Robinson pressed the company with the contention that stated-owned companies do not always act “like rational free-market companies.” Rather they could act to pursue Chinese national policy and thereby distorting the market, said Robinson, who is acting for Forest Ethics Advocacy, Living Oceans Society and Raincoast Conservation Foundation.
But Roland Priddle, an economist for Enbridge, argued that the Chinese presence in the oilsands “is extremely small” even if CNOOC’s $15-billion Nexen acquisition goes ahead. The purchase would be China’s largest overseas acquisition if it is approved by the federal government and comes with reserves of 14.5 billion barrels.
Outside the hearing, Enbridge spokesman Paul Stanway dismissed questions about China as “fearmongering” and “a red herring.”
“Whoever owns this pipeline, it has to run it under Canadian regulations,” said Stanway.
In an interview later, Robinson said the public concern is that state-owned companies might not play by free market rules. If that happens, there might be downward pressure on the prices Chinese companies would pay for Alberta bitumen.
“State owned companies don’t always act as pure free-market players … If that happens, the economic benefits to Canada might change. Would that influence the price, for instance?”
Almost all of the estimated $312 billion in economic benefits from the proposed pipeline comes from the higher price for Alberta bitumen that Enbridge says will result from opening new markets in Asia.

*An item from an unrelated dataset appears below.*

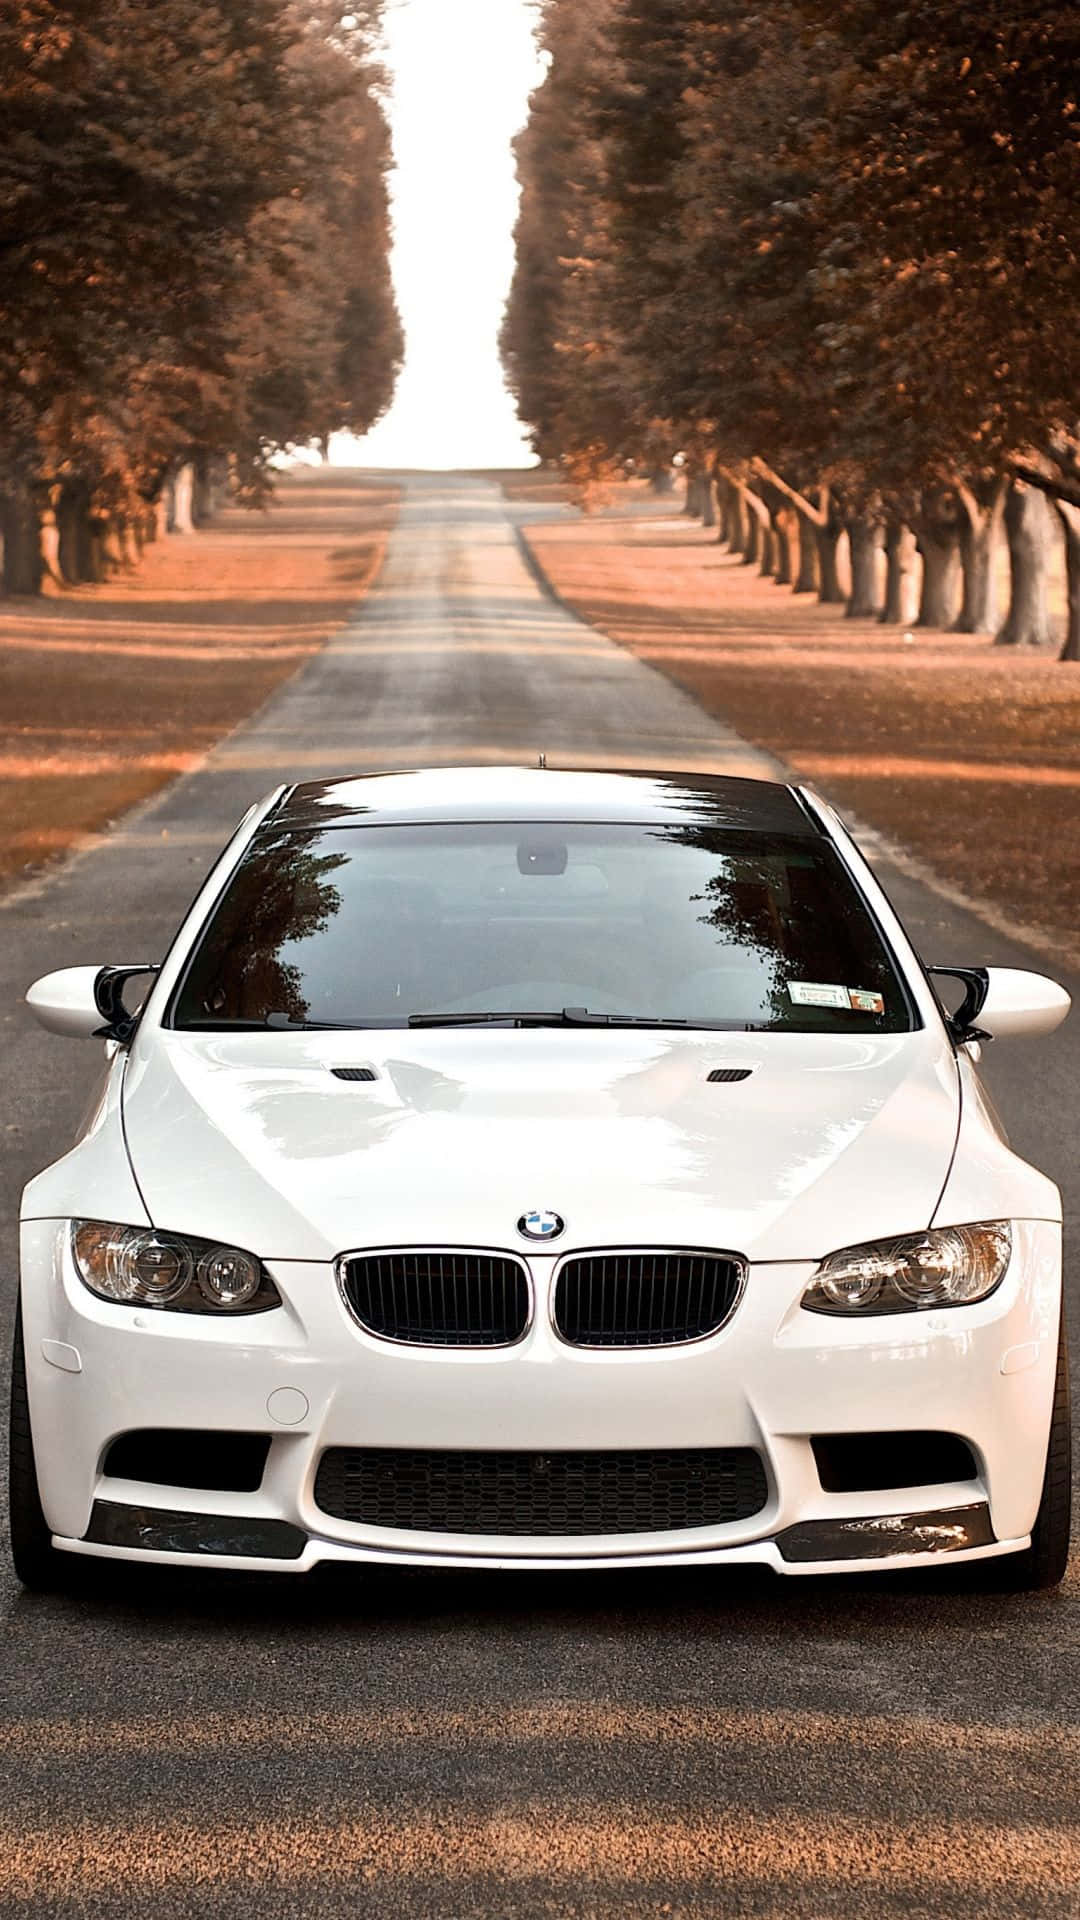 A White Bmw M3 Car Is Parked On A Road Wallpaper

Robinson also challenged Enbridge’s estimates of the cost of carbon reduction, suggesting the company significantly underestimates the cost of greenhouse gases in the project.
Enbridge studies peg the cost of reducing carbon emissions at $20 a tonne. The last national study put that cost at $50 a tonne. Alberta charges a levy of $15 a tonne on excess greenhouse gas emissions.
Enbridge said it is confident of its figures. The company also noted it has promised to conserve an acre of land for every acre disturbed along the pipeline route and is committed to plant a new tree for every one removed during construction.
Robinsons also asked the company why it did not include costs such as the additional cost of maintaining clean air and water, and the range of services such as new roads needed to meet demands of expanding oilsands production in Alberta.
Enbridge economist Bob Mansell from Calgary said those costs would apply to any economic expansion project and therefore are not directly tied to the proposed pipeline.
The only differences are the greenhouse gas emissions in construction and operation of the pipeline, he added.
The hearings, the final phase of the pipeline review, will resume in Edmonton Sept. 17 and continue until Sept. 28. After that they will move to Prince George, B.C. to deal with pipeline design and spill response and to Prince Rupert, B.C. to deal with marine environmental issues.